The Ticker Walks The Beach with Loreen Niewenhuis
by Luke Haase
Think you've gone for long beach walks? Battle Creek's Loreen Niewenhuis walked around Lake Michigan. Yes, all the way around. She then published "A 1,000-Mile Walk on the Beach" about the trek. She caught up with The Ticker to talk Traverse City, industry, the Asian Carp, and "the best Great Lake."
So why did you do it?
[Laughs] Well, several things converged in my life at the same time. We had just sent my oldest son off to college, and I had hit a wall with my day-to-day routine. I wanted to take on a big challenge, something so large there was a good possibility I'd fail at it. Lake Michigan is my place; I go there to vacation, to relax, to re-center myself. So it was a perfect place and a perfect challenge.
Share some of your recollections about Traverse City.

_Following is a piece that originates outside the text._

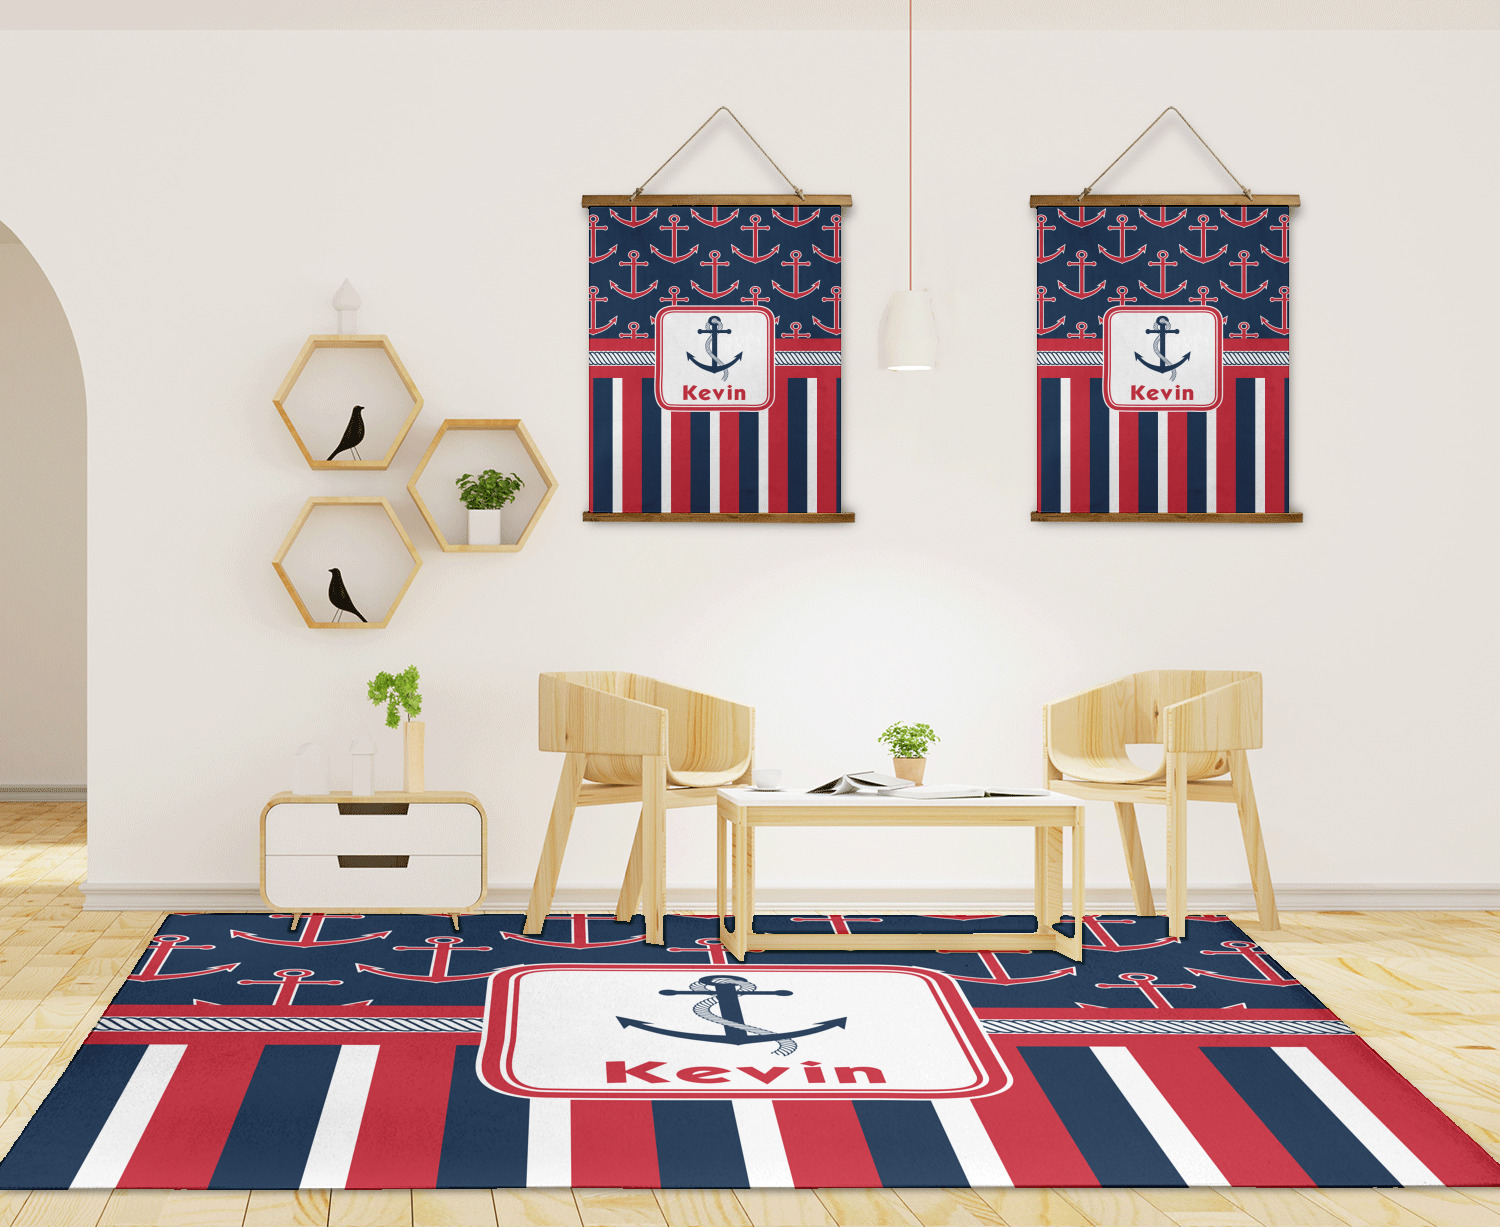 https://www.youcustomizeit.com/common/MAKE/190463/Nautical-Anchors-Stripes-8-x10-Indoor-Area-Rugs-IN-CONTEXT.jpg?lm=1666624088

Traverse City is so interesting because it's so connected to the Bay; you can't drive around Traverse City without connecting to it. Chicago's like that. Unfortunately when my walk took me through there I found lots of sheltered portions of the waterfront, with wetlands or rock or inaccessible areas, so I had to take a route along M-22. Walking on the road is not my favorite way to experience the lake, but I did later get a chance to finally go up Old Mission and look back at the shoreline, which I loved.
Are your thoughts about business along the Great Lakes different now?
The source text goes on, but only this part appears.